The Pacific Chorale, divided into three for Hyo-Won Woo’s Me-Na-Ri (Space Music),
at the start of their “welcome back” concert.

REVIEW

Pacific Chorale, Renée and Henry Segerstrom Concert Hall, Costa Mesa
DAVID J BROWN

Rachmaninoff working at his
Ivanovka estate, c.1910.
I suppose it would be mischievous to speculate whether concert promoters sometimes use the title “Vespers” for the great a cappella sacred work which Sergei Rachmaninoff completed in less than two weeks of January and February 1915 because the more correct title might provoke alarm amongst potential audiences. And indeed, though far from lasting all night, at close upon an hour the piece does present a formidable listen.

However, the return to the Segerstrom Concert Hall platform of the Pacific Chorale under their Artistic Director Robert Istad could not have been more warmly welcomed, and their performance of Rachmaninoff’s All-Night Vigil Op. 37 that was the main item, filling the second half (and with the bass Ryan Thomas Antal in the first, mezzo-soprano I-Chin Betty Feinblatt in the second, and tenor Nicholas Preston in the fourth and fifth of the work's 15 movements), showed the Chorale to have lost none of its security of pitch, clarity of articulation, and control of dynamic and rhythmic nuance, despite the long Covid-enforced absence.

Robert Istad.
In its masterful choral writing, great beauty, and sustained elevation of mood, All-Night Vigil is clearly a masterpiece, and Rachmaninoff is said to have regarded it as one of his two favorites amongst his own works, the other being the choral symphony The Bells Op. 35, written two years earlier (now that, sung by the Pacific Chorale with the Pacific Symphony at very full strength in the Segerstrom would be quite something!).

Nonetheless, to listen with sustained attention and comprehension was a challenge, not only because this essentially static and contemplative music, however beautiful, requires “different ears” from the "classical" developmental style of so many Western orchestral and instrumental works, but also because the translated supertitles of the text—normally to be welcomed for works sung in languages other than English—were distracting here, dragging attention away from the music per se to its specific, and repetitive, religious devotions, sometimes clumsily expressed.
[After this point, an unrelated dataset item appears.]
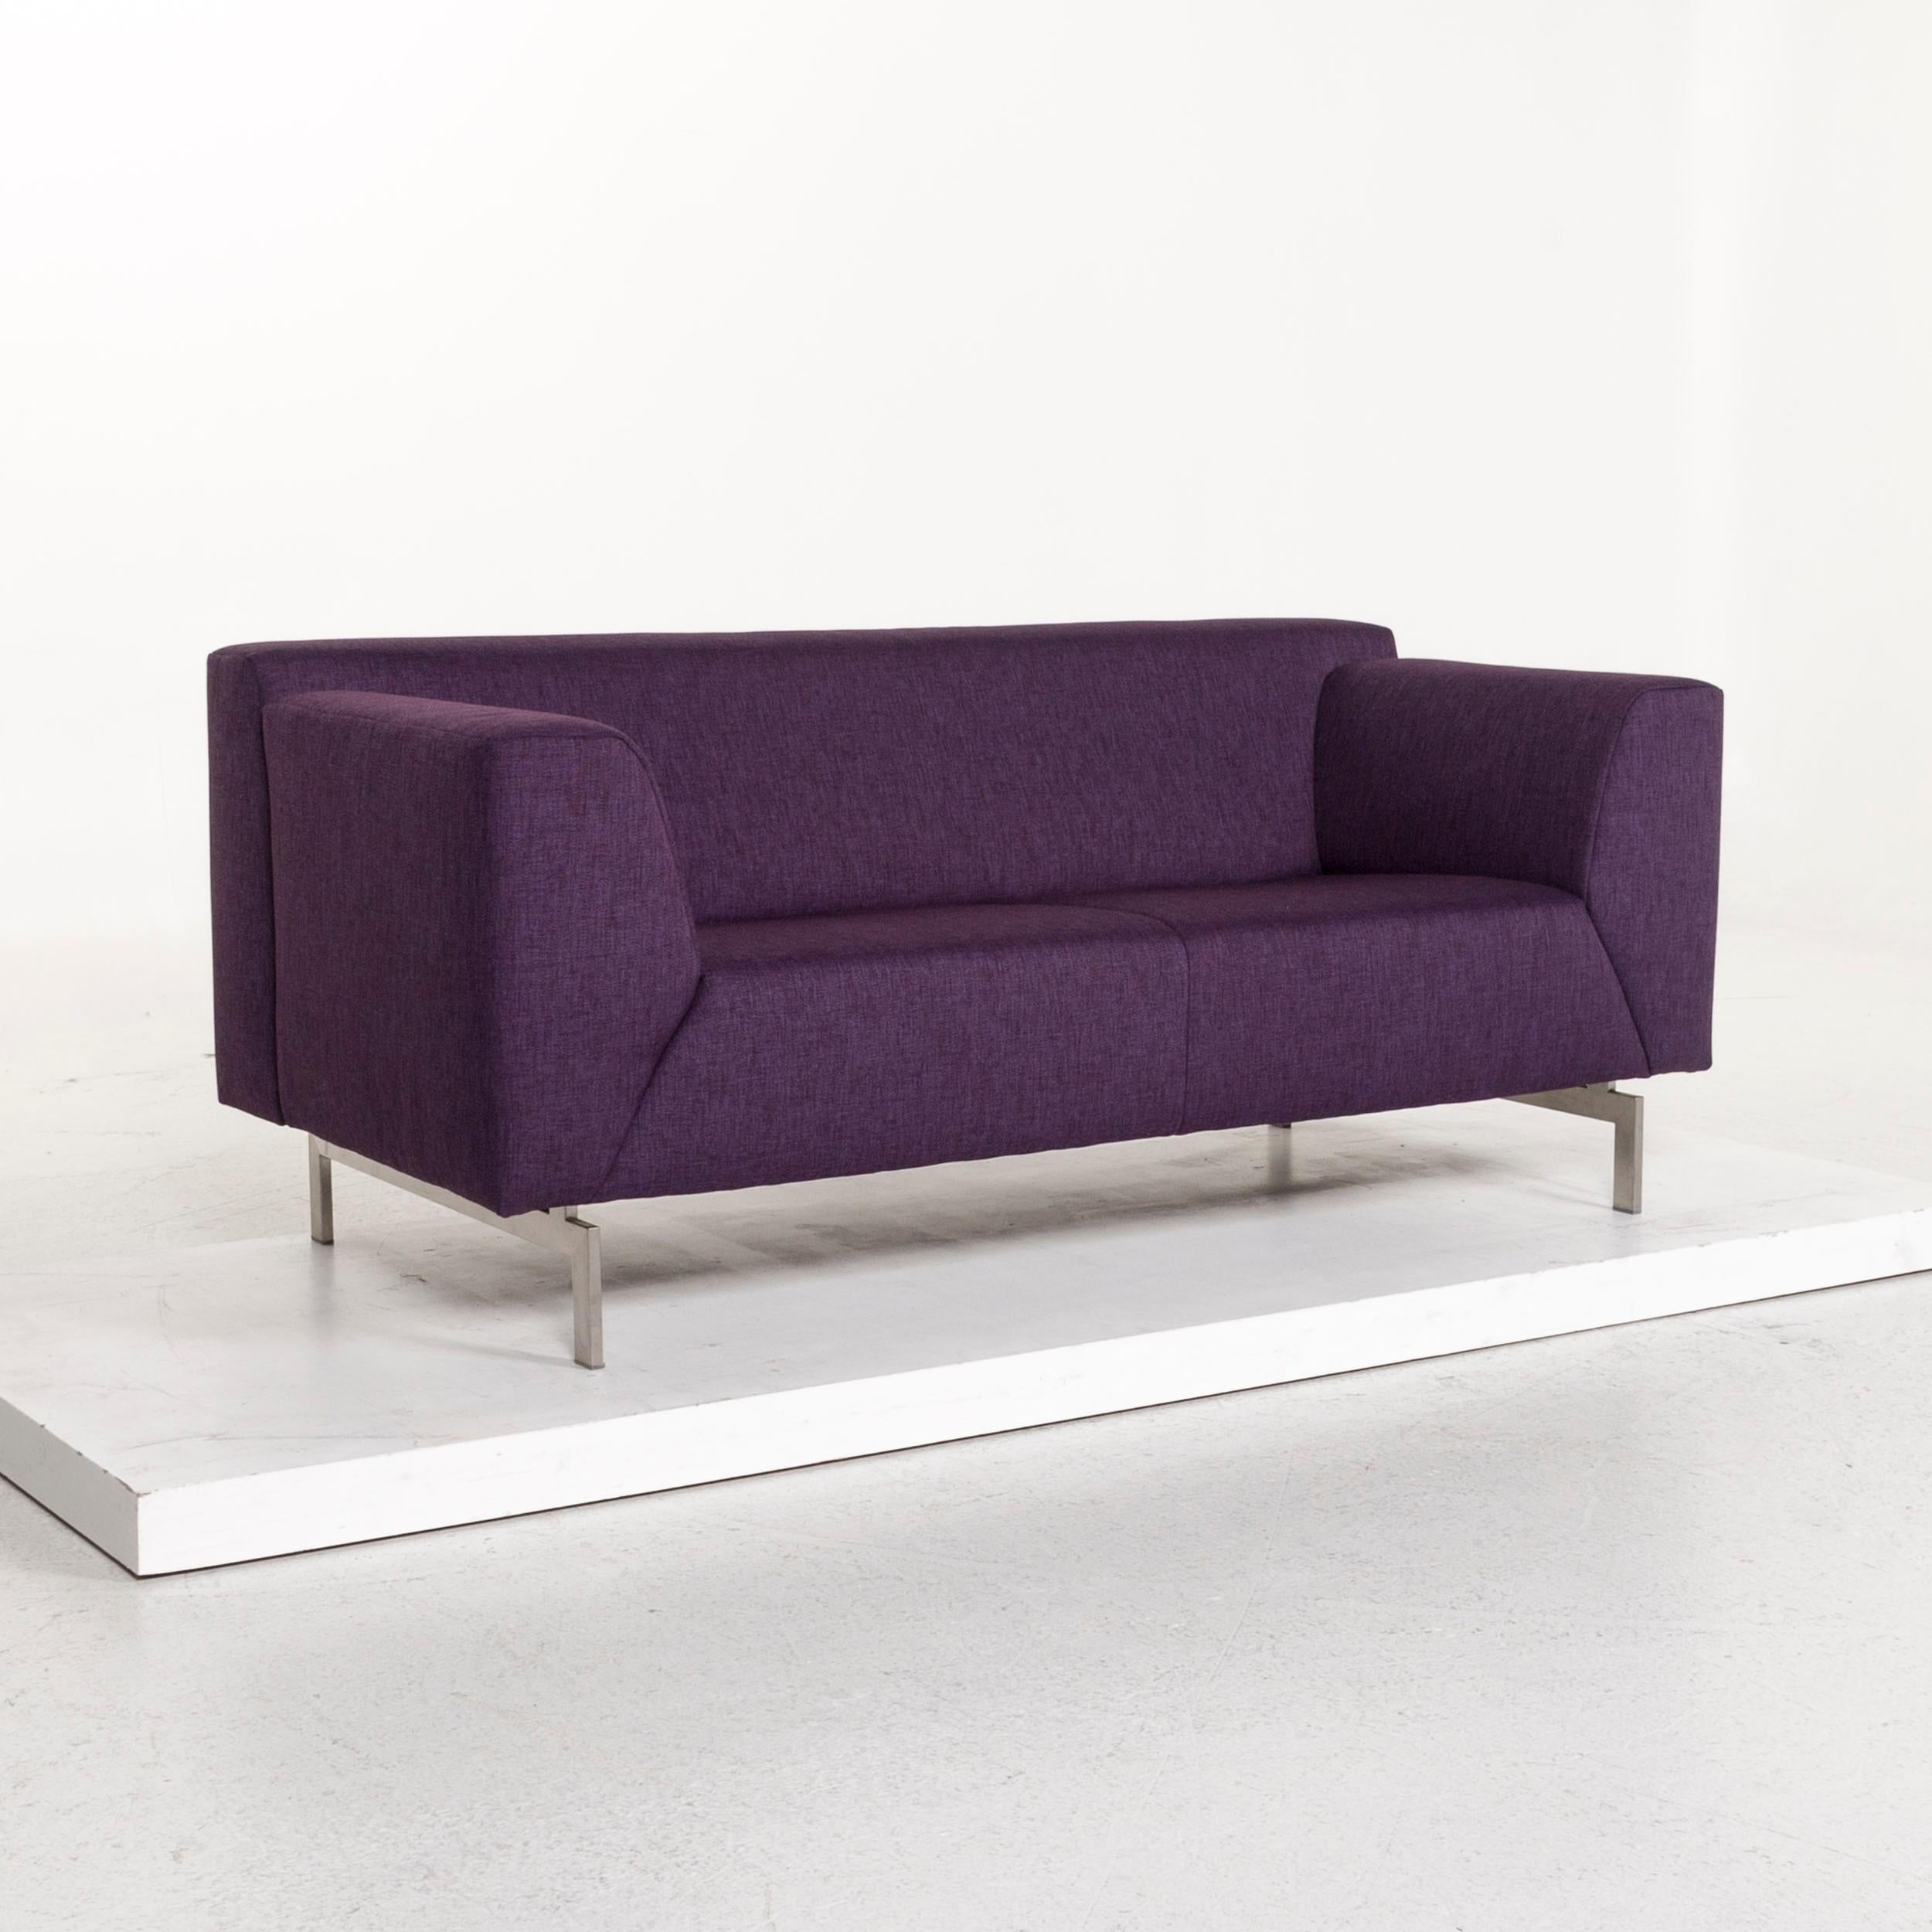 Contemporary Rolf Benz Fabric Sofa Purple Three-Seat Couch

That said, however, All-Night Vigil could not have had more fervent and accomplished advocates, resolving one to explore further a genre of 19th- and 20th-century Russian sacred music that stemmed originally from Rachmaninoff’s admired model Tchaikovsky, whose fascination with traditional chant led to his own settings of this and other Orthodox texts.

Damien Geter.
Three 21st-century works by living composers filled the first half of the concert, the longest and last-performed being Cantata for a More Hopeful Tomorrow, written in 2020 by the Portland, Oregon-based composer and bass-baritone Damien Geter (b.1980) for the Washington Chorus but, due to Covid, receiving its live premiere here at the Segerstrom, with the soprano Aundi Marie Moore and Warren Hagerty, principal cellist of the Pacific Symphony Orchestra, joining the Pacific Chorale.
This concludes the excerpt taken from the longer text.